Postcard Romance from the North

Note: This blog does not really pertain to Palm Beach County, but it is a fun story from afar.

A penny postcard at the beginning of the twentieth century was the text message of its time.  People sent them by the millions to friends and family near and far to send a short message, complete with a pretty scene of where they were, just like texting a photo. I’ve collected postcards for years, mostly for the rare photos of places near where I live in Florida, or places I have visited. At a postcard show held February 22 in Pompano Beach, Florida, I decided to look for Racine postcards. My dad Jack Pedersen and his parents John and Lillian Pedersen were born in Racine, and I enjoy learning more about Racine’s rich history.

One vendor at the show had bought out several collections and was selling all postcards for a dollar a piece – a bargain hunter’s paradise. I dove into the collection and found six cards from Racine – familiar scenes such as Monument Square and Horlick’s Malted Milk.

Monument Square

I bought them all, and tucked them away in my bag.

Later when looking at them with a friend, we noticed that three of the Racine cards were to and from the same people.  A man who signed the cards “Shorty” sent the postcards to his sweetheart, Eva M. Brown, who was living in Whitewater. He addressed them to Eva in care of the Wisconsin Telephone Company. The three cards were written in February, April and September, 1909.

The messages were sweet and innocent; “Just simply I can’t think of anything else but little Eva Brown.” This drew me into the story – who were Shorty and Eva? Did their romance blossom?
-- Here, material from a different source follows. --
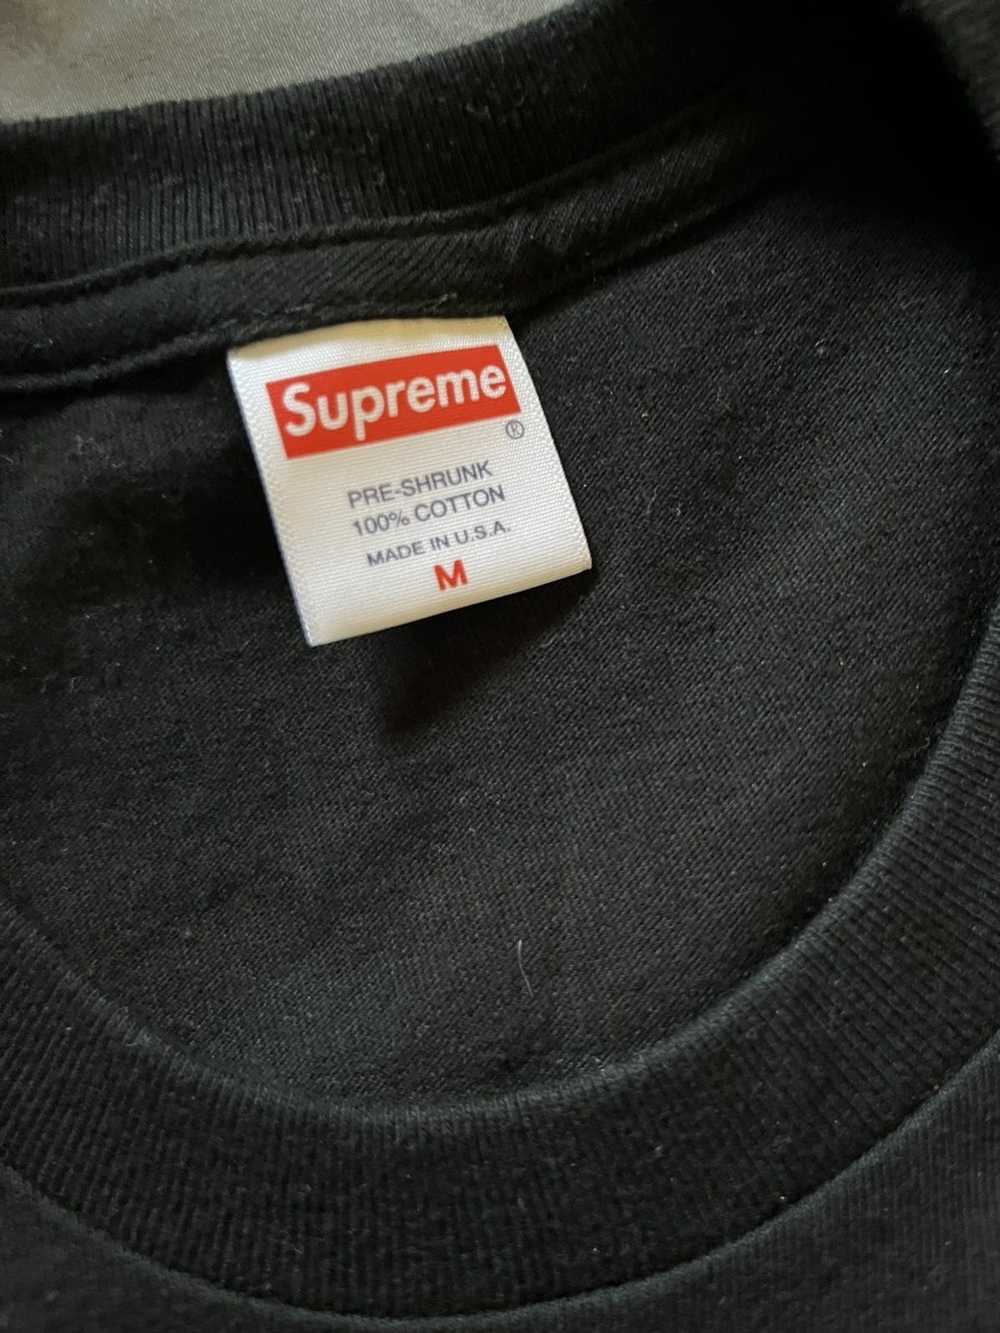 Supreme supreme t shirt - image 2

I started searching with, using Eva’s information since I had her full name, and guessing her to be born about 1890. I first found her on the 1905 Wisconsin State Census, living in Whitewater with her parents, George and Lucy Brown, and six siblings. Eva Maude Brown was born in Hebron, Wisconsin, May 27, 1888. The 1910 U.S. Census confirmed I had the right family – Eva’s job was listed as telephone operator.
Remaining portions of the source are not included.